The termination order contains sufficient findings of fact supported by clear, cogent, and convincing evidence to support the conclusion that dependency existed as a ground to terminate respondent-mother's parental rights to Michelle. Respondent-mother had been diagnosed with schizophrenia, bipolar disorder, autism, post-traumatic stress disorder, mood disorder with psychotic features, Asperger's Syndrome, a learning disorder, and intellectual disability. Respondent-mother had an extensive history of psychiatric hospitalizations, and DHHS could not verify that she was taking her medications on a regular basis. At one point in the termination hearing, respondent-mother testified that she was not stable enough to take care of Michelle, only to testify later in the hearing that she was stable enough. The trial court found that respondent-mother was not able to care for Michelle as a result of "her significant and substantial mental health issues[,]" and that respondent-mother lacked an alternative child care arrangement.
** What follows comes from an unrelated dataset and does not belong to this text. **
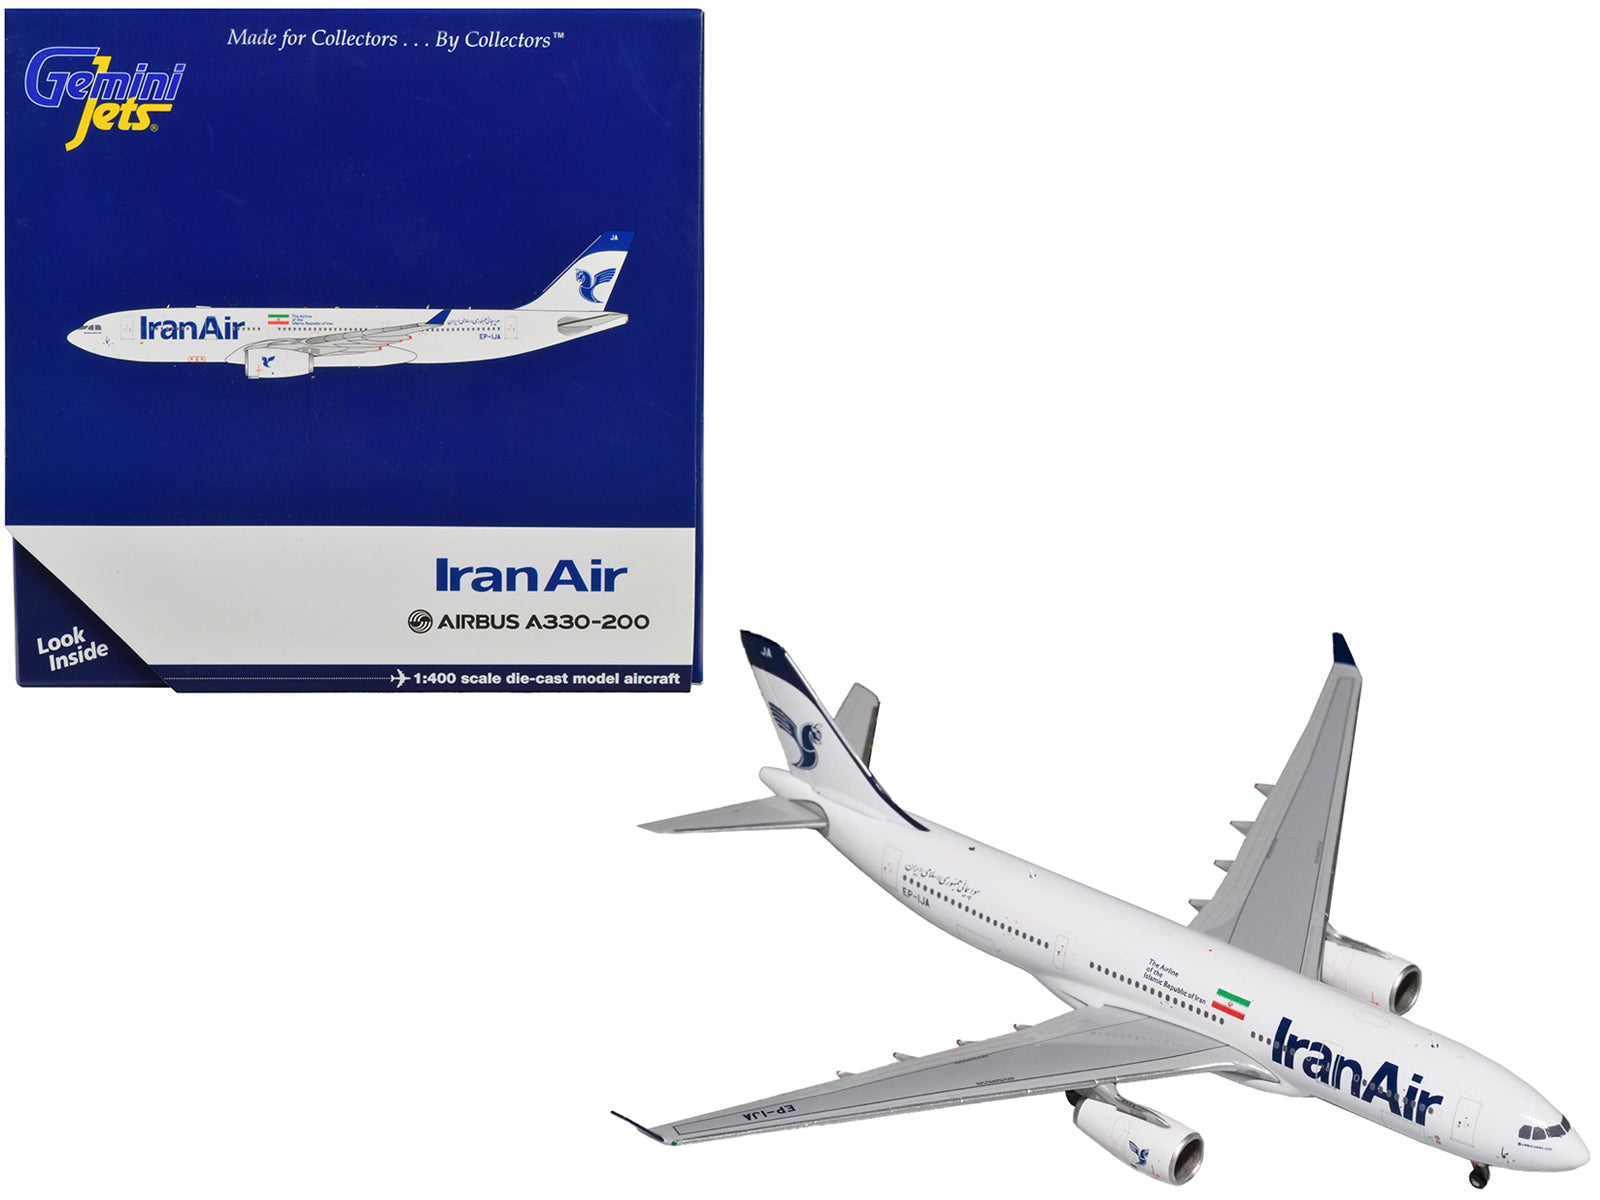 Airbus A330-200 Commercial Aircraft "Iran Air" White 1/400 Diecast Model Airplane by GeminiJets

Finally, the trial court made appropriate findings in determining that the termination of respondents' parental rights was in Michelle's best interests. See N.C. Gen. Stat. § 7B-1110(a) (2017). As a result, we affirm the trial court's order terminating respondents' parental rights to Michelle.
AFFIRMED.
Report per Rule 30(e).
Judges BRYANT and DIETZ concur.
A pseudonym is used to protect the identity of the juvenile and for ease of reading.
The North Carolina Supreme Court amended Rule 3.1 of the North Carolina Rules of Civil Procedure so that no-merit briefs filed in termination of parental rights cases now fall under Rule 3.1(e) instead of Rule 3.1(d). This change became effective on 1 January 2019.